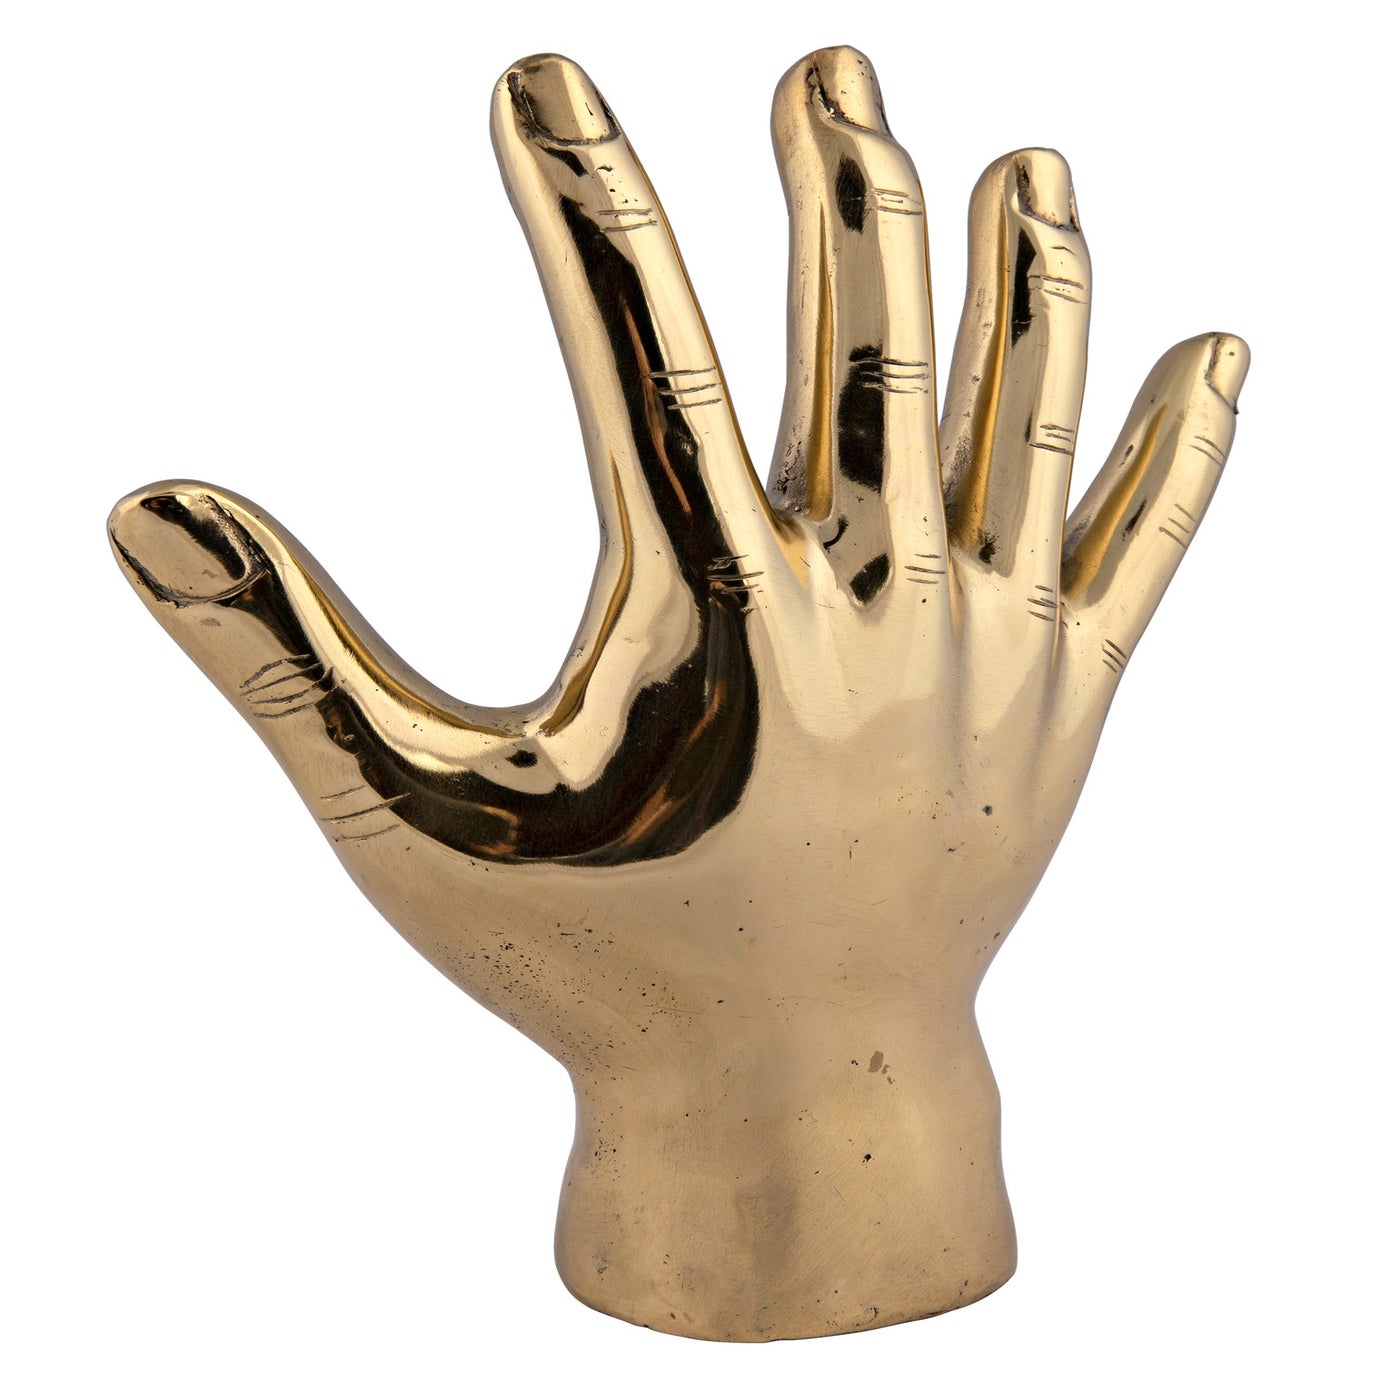 Brass Hands Sculptures - The Cool Hunter Journal
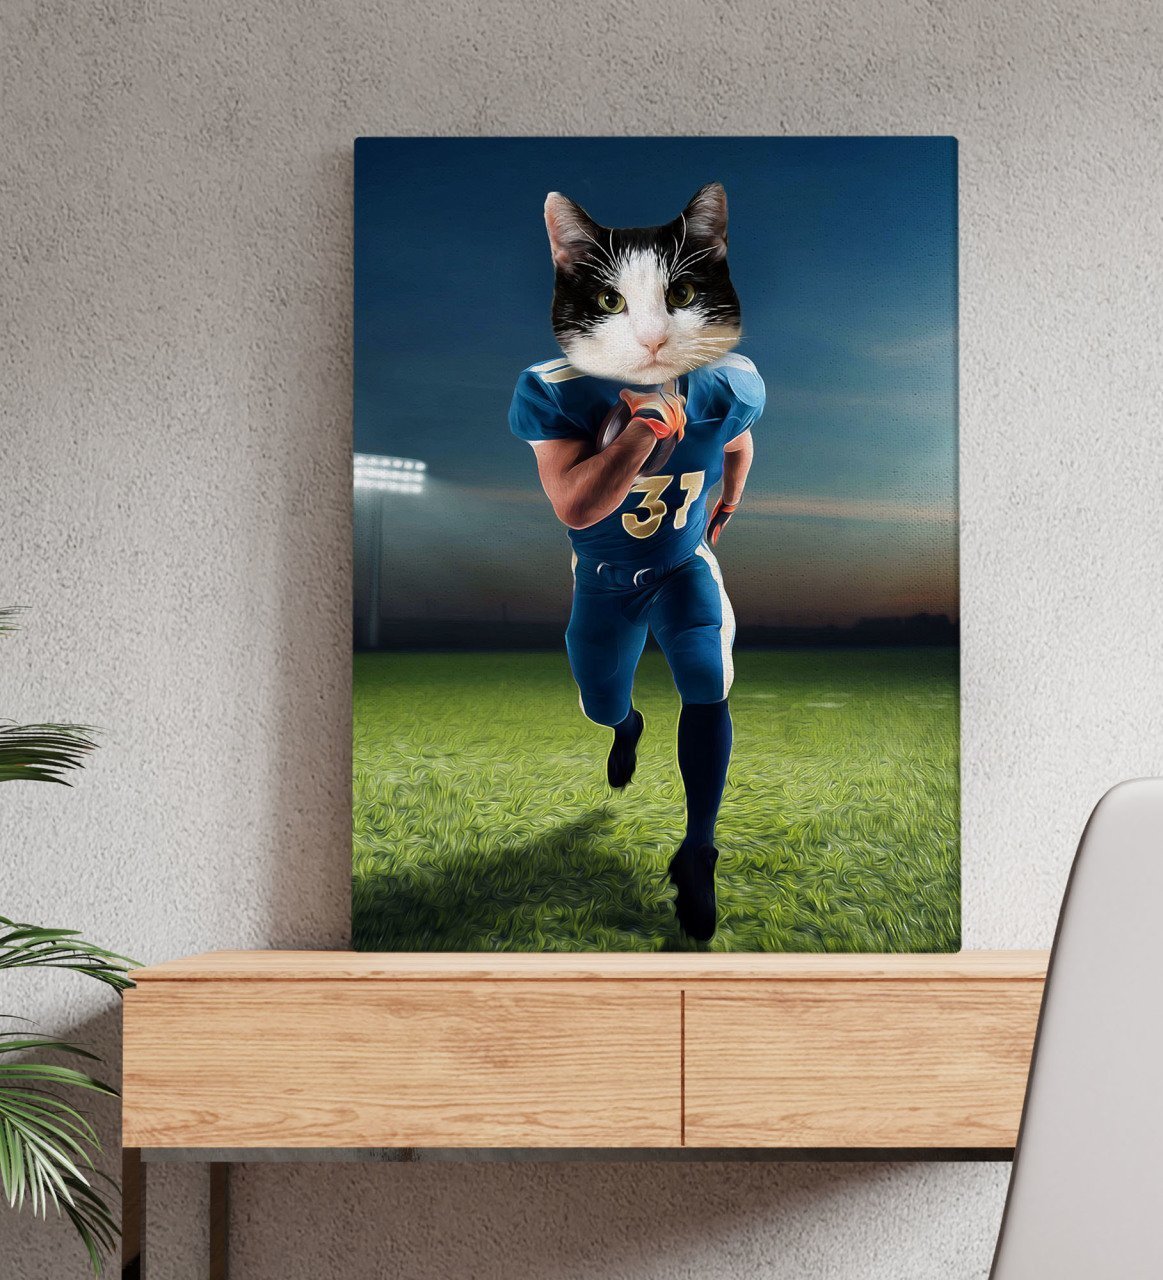 Evcil Dostlara Özel Amerikan Futbolcusu Tasarımlı Portre Kanvas Tablo 50x70cm-5
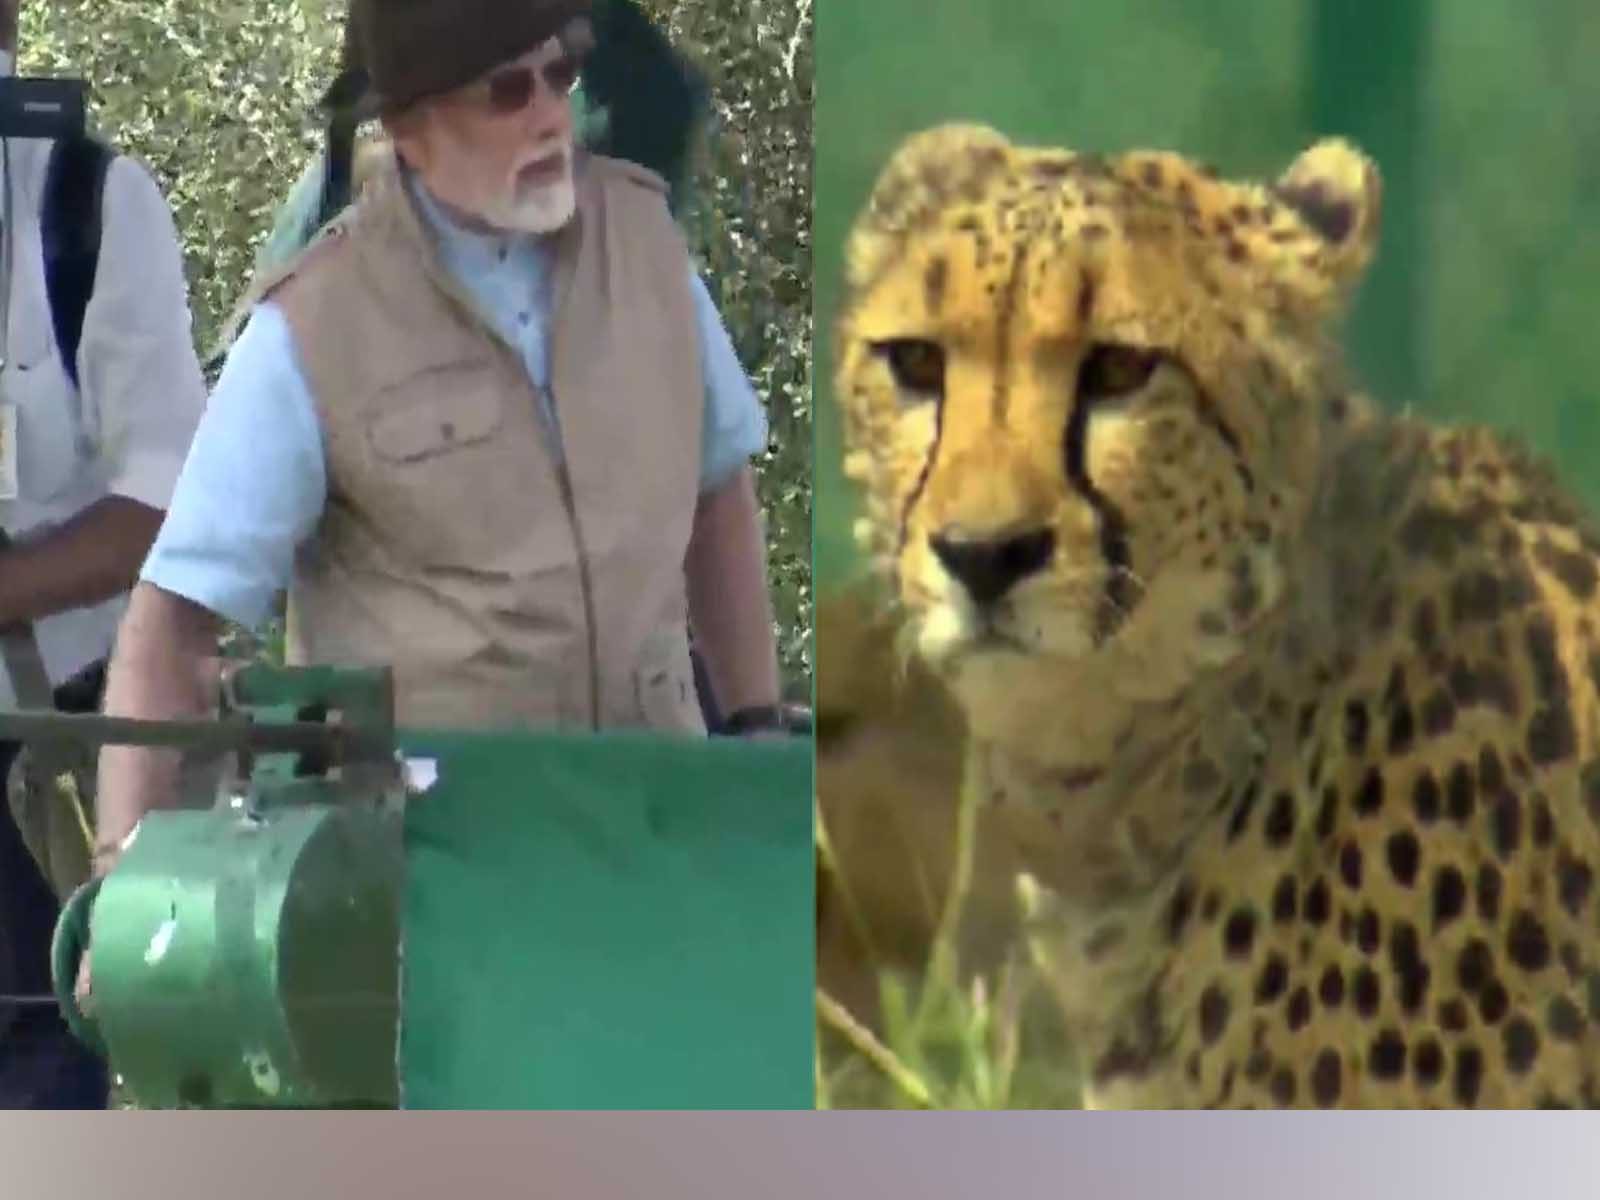  Cheetah in India: PM ਮੋਦੀ ਦਾ ਜਨਮਦਿਨ 'ਤੇ ਜਨਤਾ ਨੂੰ ਤੋਹਫਾ, ਕੁਨੋ ਨੈਸ਼ਨਲ ਪਾਰਕ 'ਚ ਛੱਡੇ ਚੀਤੇ

**What is needed**: Pictures stay out; everything else in the listing above gets restated word for word.

**Written reply**:
 Brass Hands Sculptures - The Cool Hunter Journal
 Evcil Dostlara Özel Amerikan Futbolcusu Tasarımlı Portre Kanvas Tablo 50x70cm-5
  Cheetah in India: PM ਮੋਦੀ ਦਾ ਜਨਮਦਿਨ 'ਤੇ ਜਨਤਾ ਨੂੰ ਤੋਹਫਾ, ਕੁਨੋ ਨੈਸ਼ਨਲ ਪਾਰਕ 'ਚ ਛੱਡੇ ਚੀਤੇ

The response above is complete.